Auch die Verlegung einer öffentlichen Apotheke steht unter Genehmigungsvorbehalt, wobei § 14 Apothekengesetz wie folgt unterscheidet: Die Verlegung einer Apotheke innerhalb des nach § 9 Apothekengesetz festgesetzten Standortes bedarf der Genehmigung durch die Österreichische Apothekerkammer (§ 14 Abs1 leg cit). Die Verlegung einer öffentlichen Apotheke an einen anderen Standort ist hingegen von der Bezirksverwaltungsbehörde (nur) zu bewilligen, wenn die Voraussetzungen des § 10 Apothekengesetz zutreffen und überdies von dem neuen Standort aus der Bedarf des Gebietes besser befriedigt werden kann (§ 14 Abs 2 und § 54 leg cit). Dieser Unterscheidung liegt die Annahme zugrunde, dass Verlegungen der Betriebsstätte innerhalb eines - gesetzmäßig festgesetzten - Standortes im Allgemeinen keine wesentlichen Auswirkungen auf die Bedarfssituation haben (VwSlg 17.737 A/2009; VwGH 12.8.2014, 2012/10/0124).

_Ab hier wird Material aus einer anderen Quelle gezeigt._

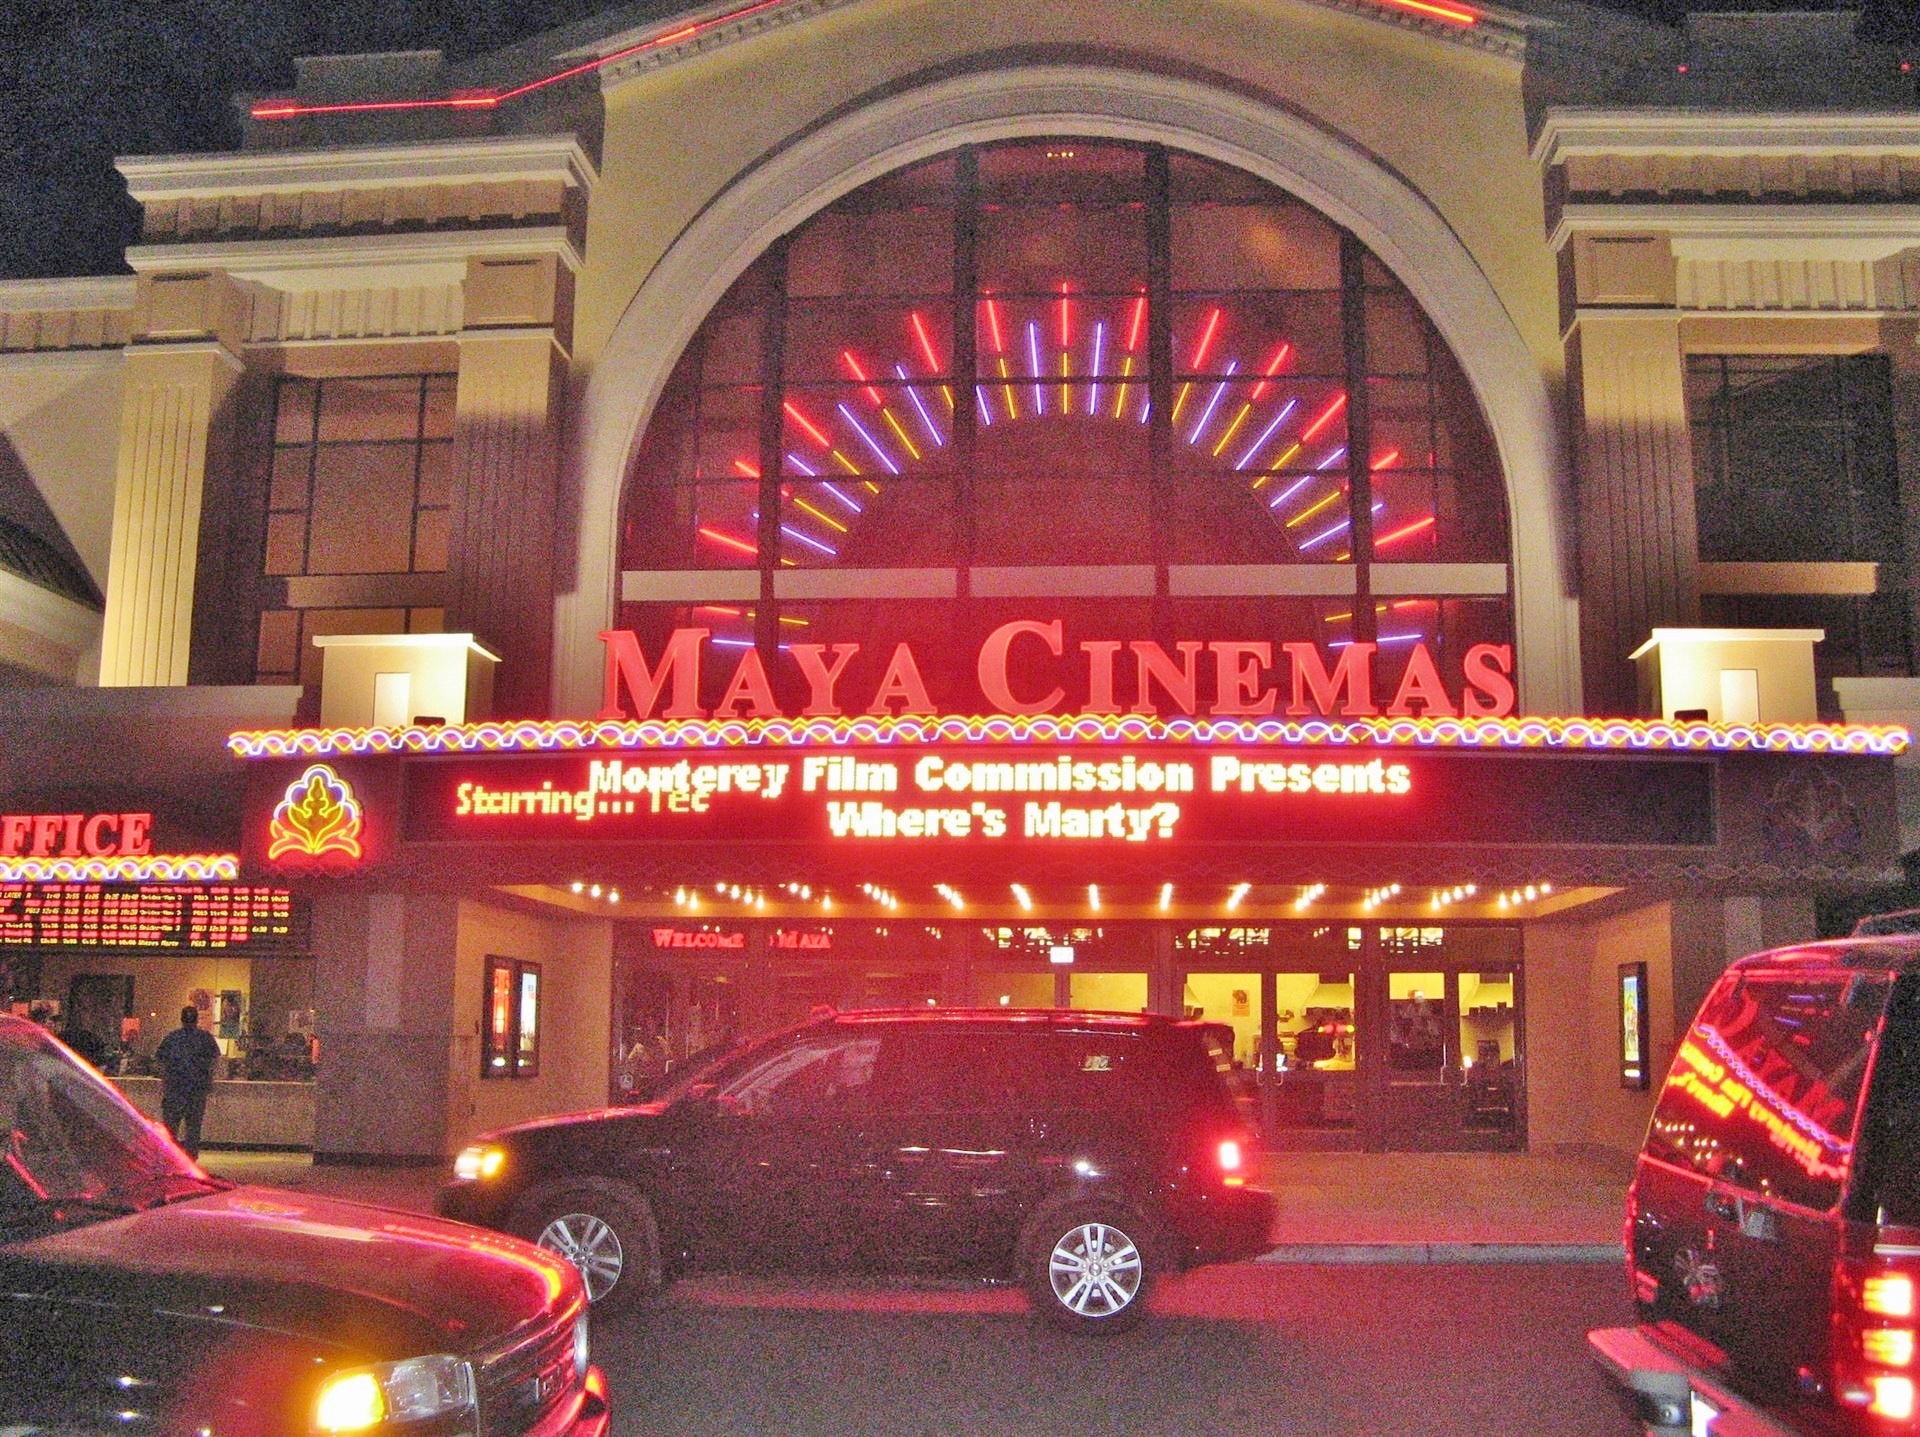 Maya cinema movie showtimes databasedop

Nach der Rechtsprechung des Verwaltungsgerichtshofes haben Inhaber umliegender bestehender öffentlicher Apotheken sowohl im Verfahren zur Genehmigung der Neuerrichtung einer öffentlichen Apotheke als auch im Verfahren nach § 14 Abs 2 Apothekengesetz zur Verlegung einer öffentlichen Apotheke an einen anderen Standort Parteistellung hinsichtlich der Frage des Bedarfs iSv § 10 Abs 2 Z 2 und Z 3 leg cit (vgl etwa VwGH 22.12.1993, 93/10/0077; 26.9.2019, Ra 2018/10/0147). Diese Bedarfsfrage ist jedoch im Verfahren zur Verlegung einer öffentlichen Apotheke innerhalb ihres festgesetzten Standortes nach § 14 Abs 1 Apothekengesetz nicht zu prüfen (VfSlg 12.873/1991; VwSlg 15.813 A/2002; VwGH 26.9.1994, 92/10/0459; 14.5.2002, 2001/10/0124), weshalb Inhabern umliegender bestehender öffentlicher Apotheken (insofern) im Verfahren nach § 14 Abs 1 Apothekengesetz keine Parteistellung zukommt (VwSlg 15.813 A/2002). Davon ist jedoch die Frage zu unterscheiden, ob Inhaber umliegender bestehender öffentlicher Apotheken Parteistellung im Hinblick auf die Frage haben, ob das Verfahren nach § 14 Abs 1 Apothekengesetz überhaupt zur Anwendung kommt, mit anderen Worten, ob die Verlegung tatsächlich (bloß) innerhalb des festgesetzten Standortes stattfindet.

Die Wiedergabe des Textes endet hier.